▶ [Dataset content]:
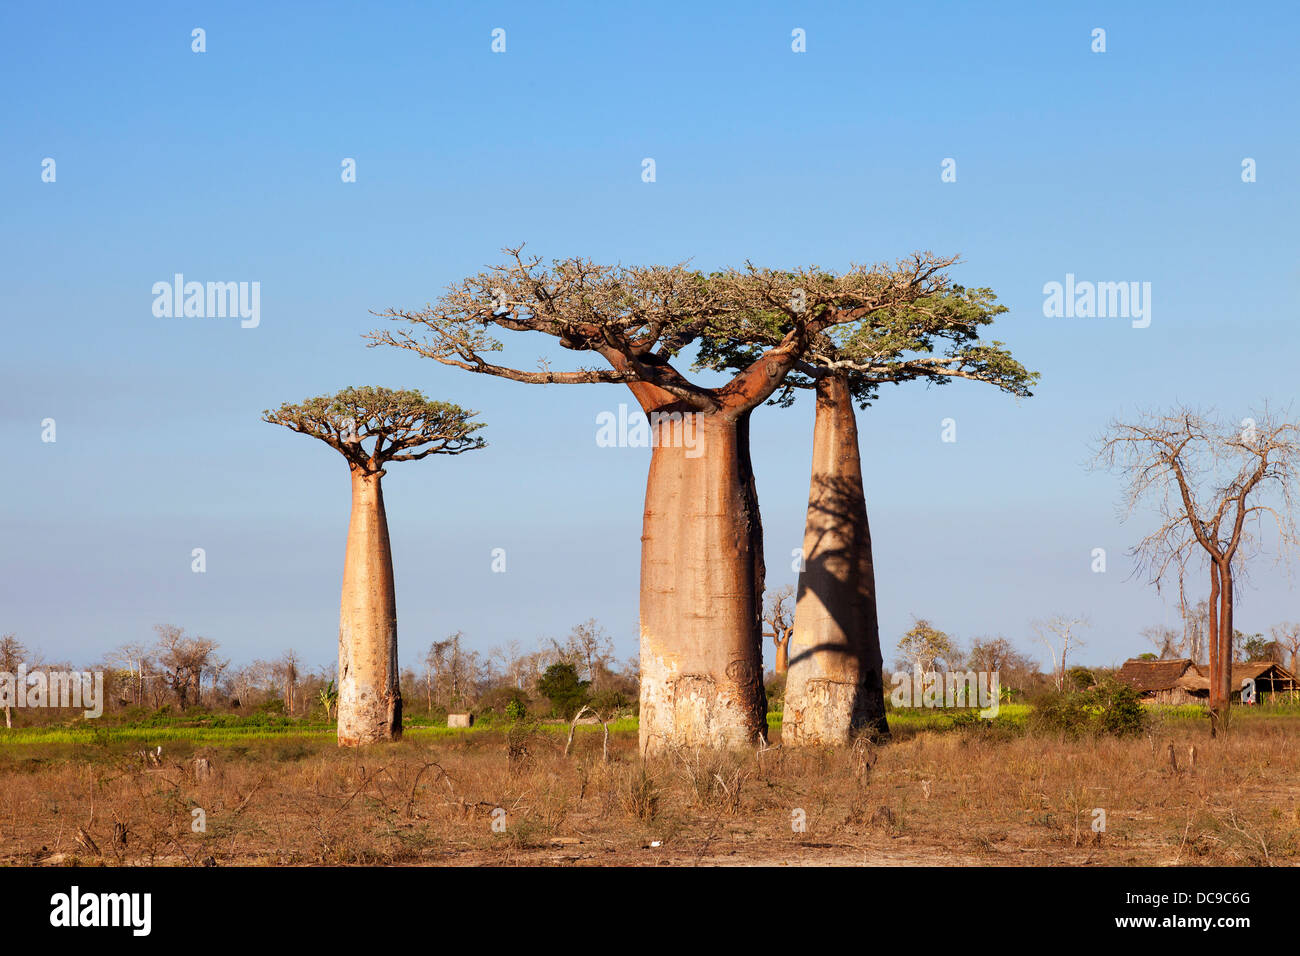 Le Baobab africain (Adansonia digitata), forêt de baobab Banque D'Images
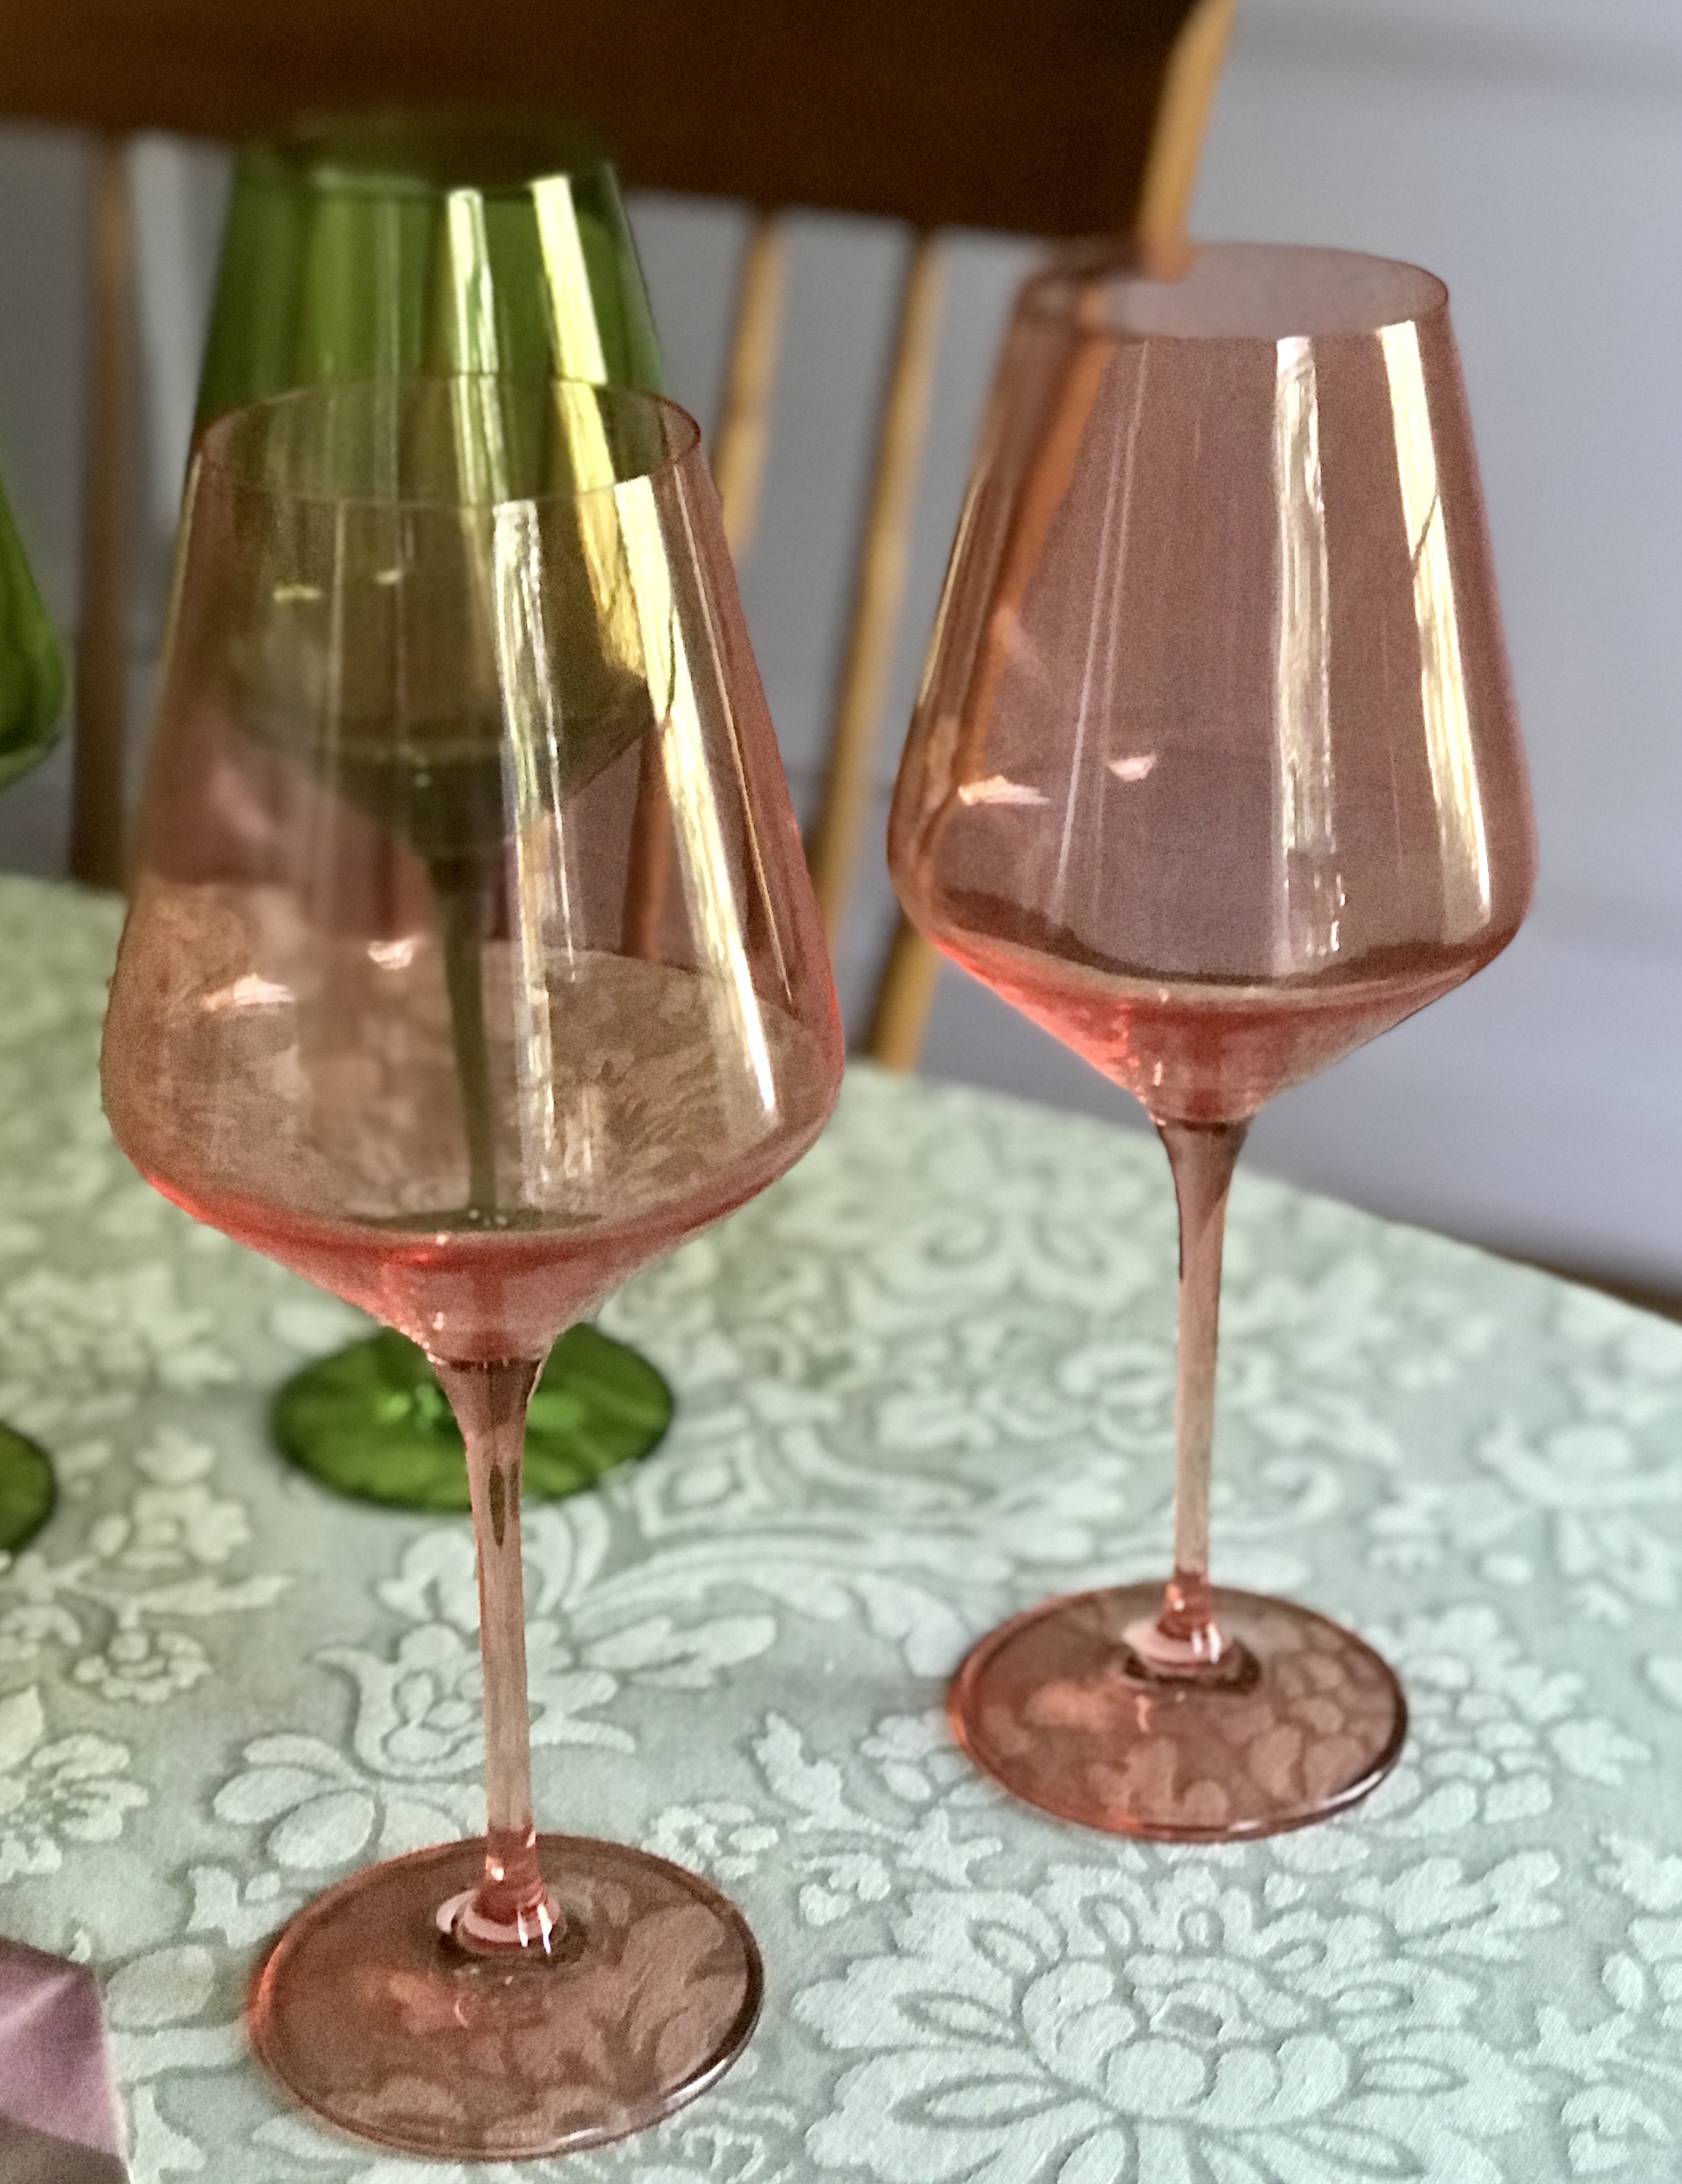 Estelle Colored Glass Hand-Blown Wine Glass 2-Piece Set - Blush
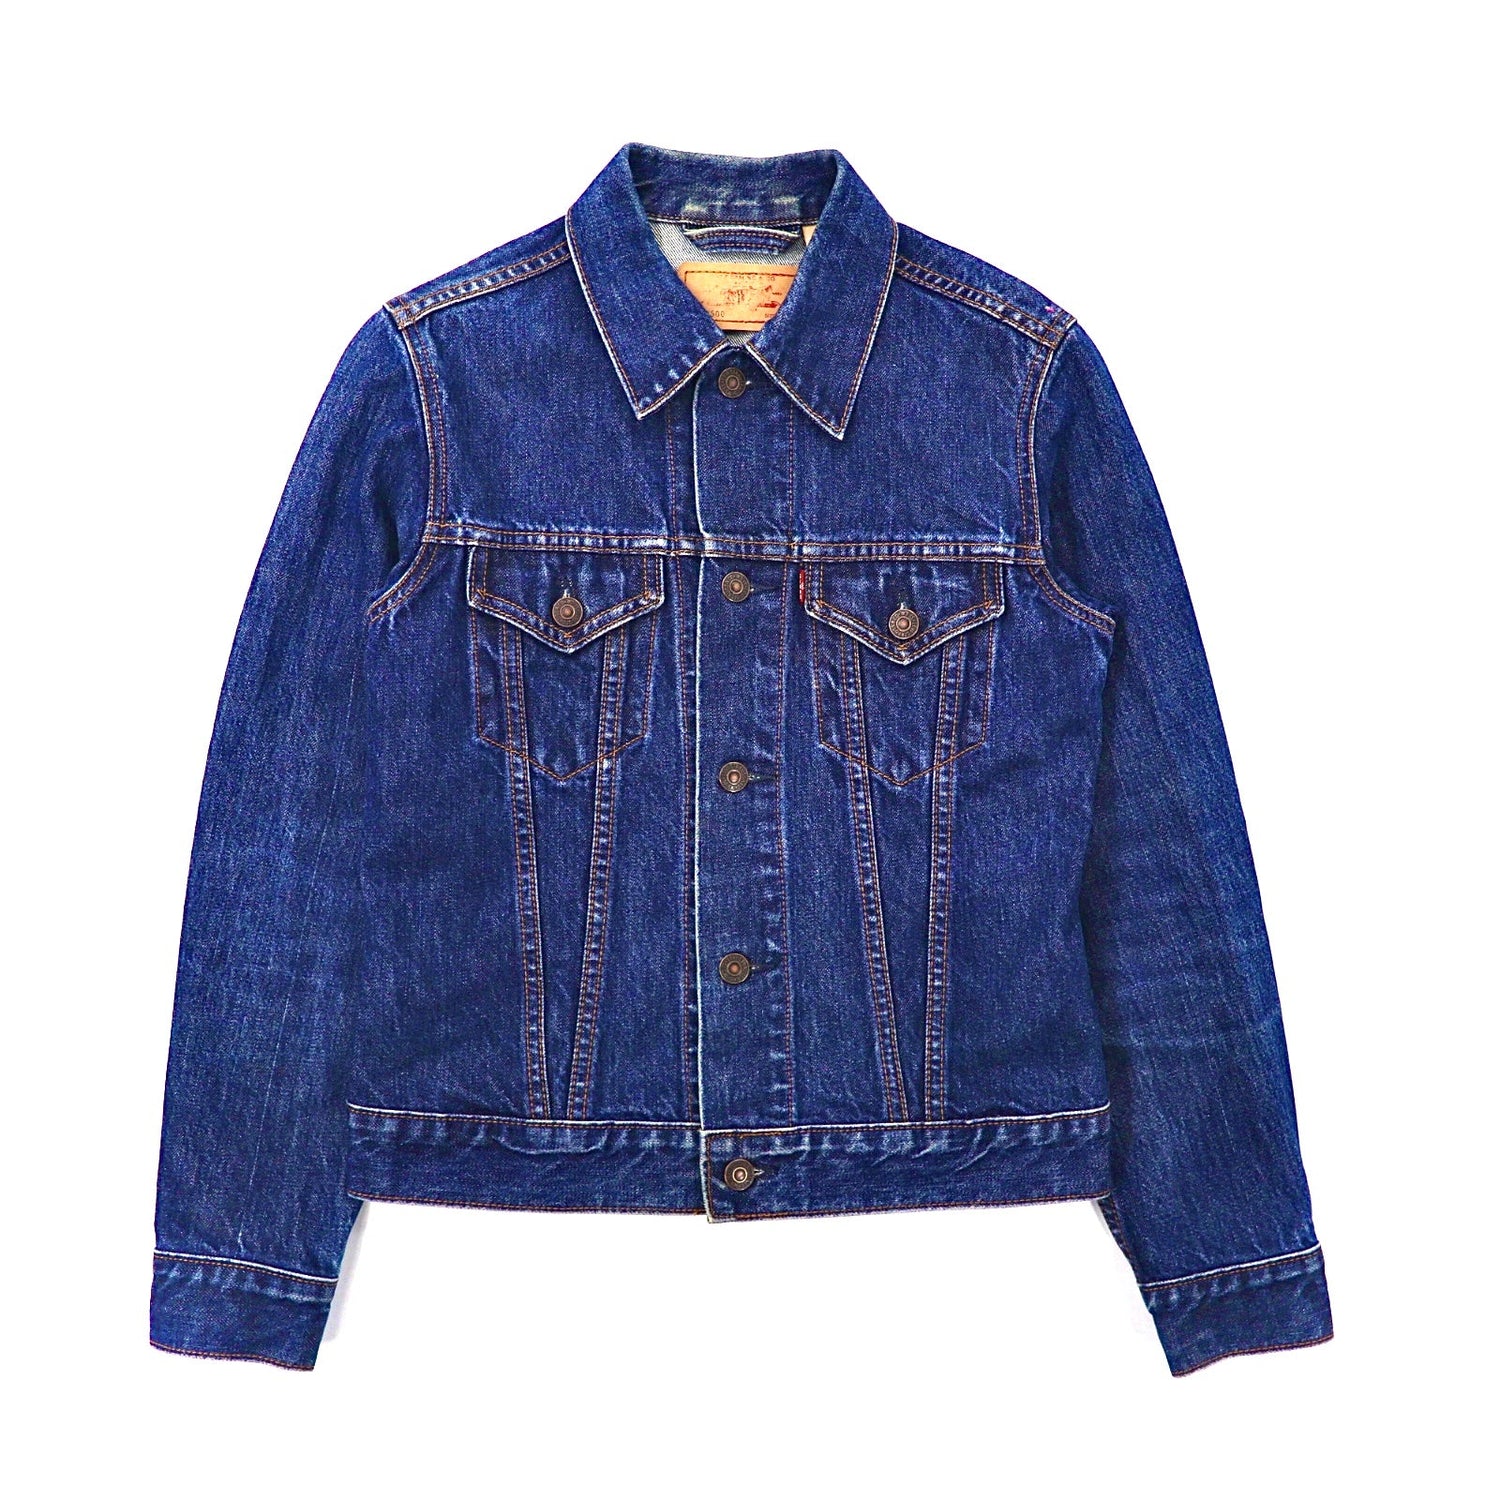 Levi's Denim Jacket G Jean S Blue 3rd Model 90's 78500-0207 – 日本
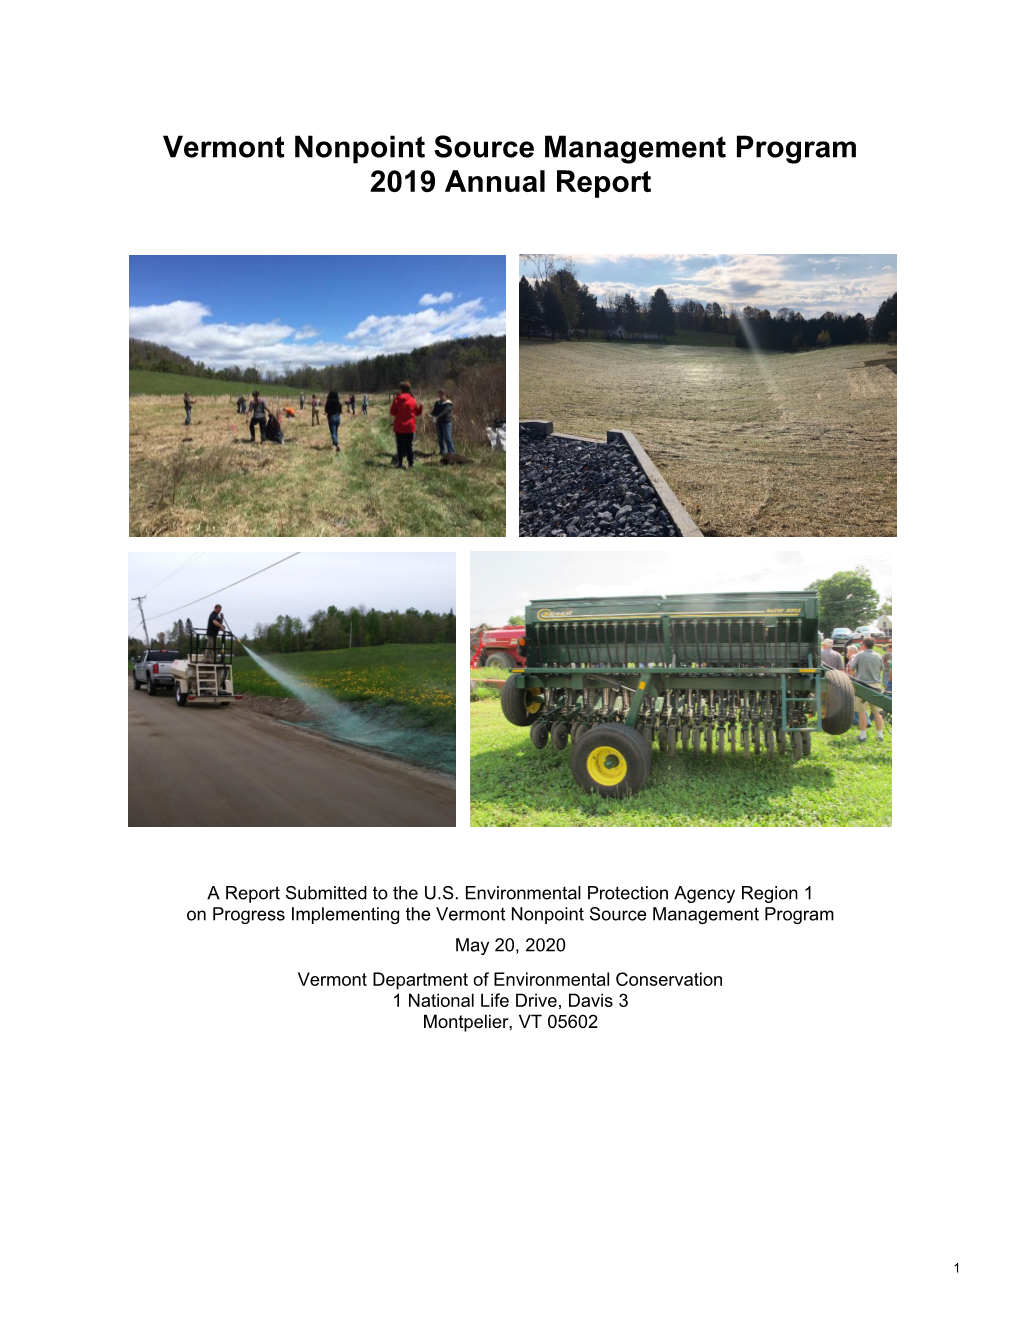 Vermont Nonpoint Source Management Program FFY 2019

▶ [Aim of the exercise]:
The line with "Levi's Denim Jacket" and each line after it, through the final line of the data, are to be duplicated exactly, with pictures left out and nothing more included.

▶ [Written solution]:
 Levi's Denim Jacket G Jean S Blue 3rd Model 90's 78500-0207 – 日本
 Vermont Nonpoint Source Management Program FFY 2019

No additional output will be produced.